The slide 1 comprises, on the first face 2, at least a first 3, a second 4, and third 5 disc, all graduated and reciprocally movable. Advantageously, the three discs 3, 4 and 5 are overlaid, coaxial and relatively rotatable to one another, around a central axis la.

The three disks 3, 4, and 5 have different diameters: in particular, the first disk 3 has a larger diameter than the second disk 4 and the third 5 disc, and the second disc 4 has a diameter intermediate between the first 3 and third 5 disc.

The first disk 3, which is the outer one, simply presents a logarithmic scale 3a that is necessary to the third manual calculation of certain parameters, and some colored marks 3b that, when aligned with the relative marks 4b of the second disc 4, allow to perform conversions between measurement units from the international system 3a ', 4a ' to the Anglo-Saxon 3a", 4a" and vice versa.

The second disc 4 is intermediate and has a logarithmic scale specular to that of the first disk 3, with the corresponding marks 4b, previously cited for conversion tasks; several scales (described below) are printed, which allow, with the aid of the third disc 5, to find the parameter of interest.

The interaction between the first 3 and the second 4 discs allows the implementation of a simple calculation, generally conversion of units or calculations with two variables . The third disc 5 is essential to carry out more complex calculations: in fact, it interacts with the other two disks 3 and 4 via one or more rotations.

The cooperation of the third disc 5 with the first 3 and second 4 allows the implementation of the calculations of formulas to three variables.

The third disc 5 innermost comprises at least one window 6, inside which a result is viewable as obtained from a formula with three variables derived by appropriate rotations, alignments and/or iterations of rotations between the first 3, the second 4 and third 5 disk.

Advantageously, the third disc 5 has a plurality of windows 6, 7, 8, and 9 as well as the proper reference slots 5b' , 5b " , 5b ' ' '.

Some of the main parameters calculated by the interaction of two or more disks 3, 4, and 5 are conversions between units, preferably from the international system to the Anglo-Saxon system and vice versa, variation of the air density and sound speed with the altitude, calculating the Mach number, maximum efficiency and the relative coefficient of lift in conditions of maximum efficiency.
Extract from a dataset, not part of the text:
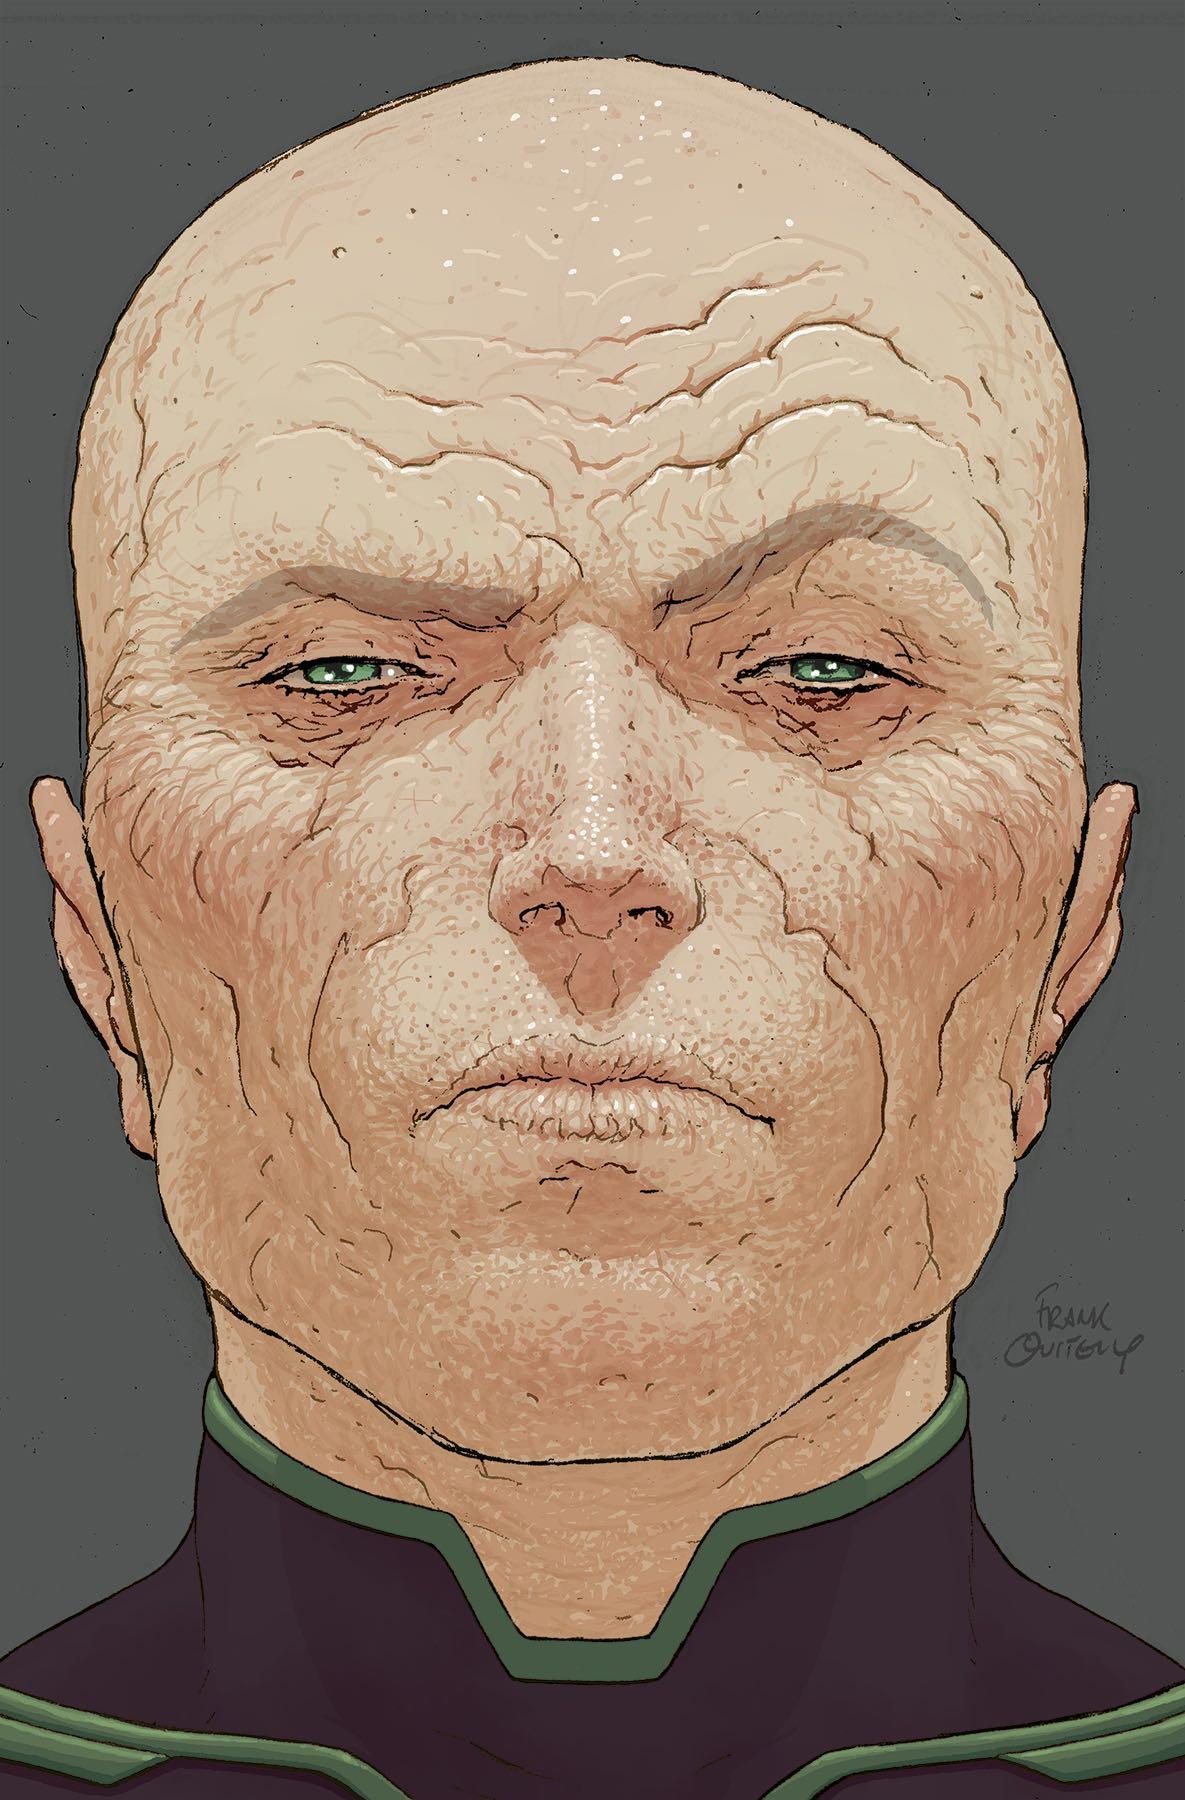 Action Comics Vol 1 1013 Textless Variant.jpg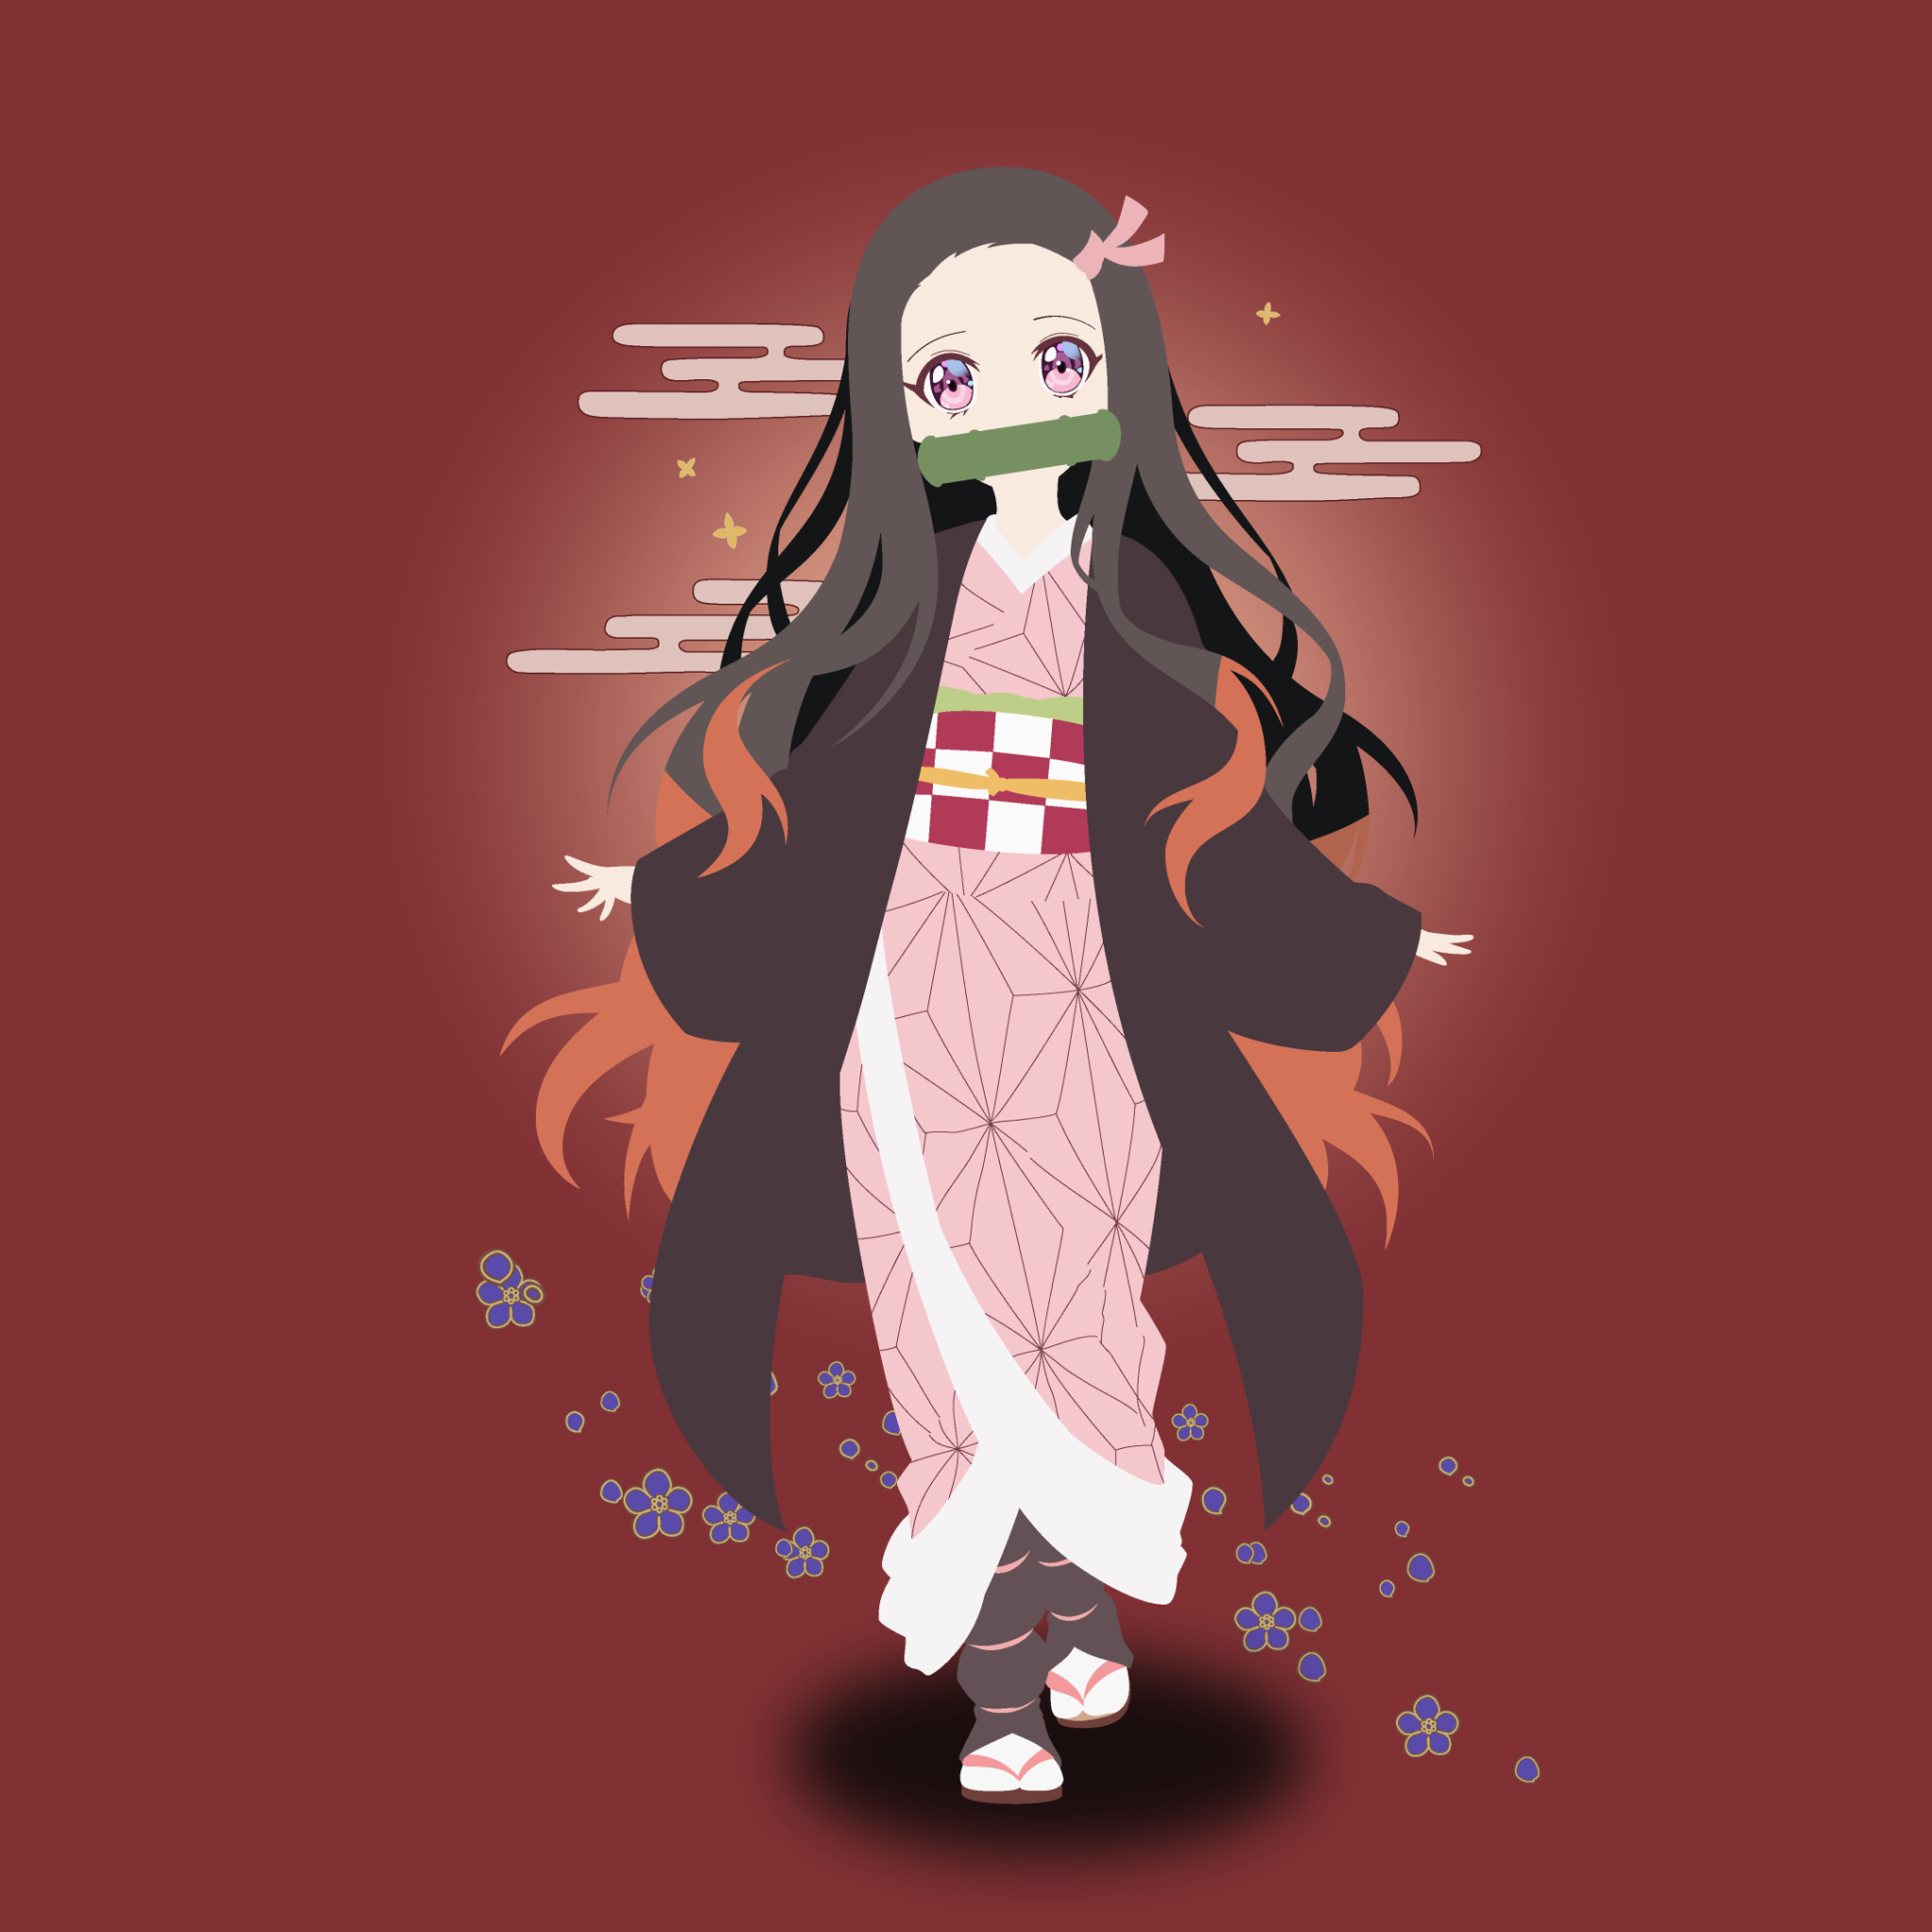 2048x2048 Nezuko Ipad Air Wallpaper, HD Anime 4K ...

It is also possible to calculate the minimum path angle in gliding flight, the actual speed or TAS (True Air Speed) , the characteristic velocity programs for jet and propeller aircrafts cruises. Finally, through the interaction of all the three discs, the range and endurance can be calculated (through Breguet' s formula).

In addition to these parameters, however, an infinite number of other calculations can be performed, through the use of logarithmic scales that are external to each disk .

Along the external perimeter of the ruler, particularly along the outer perimeter of the first disk 3 and the second disk 4, two logarithmic scales 3a and 4a are located, with some colored marks 3b and 4b.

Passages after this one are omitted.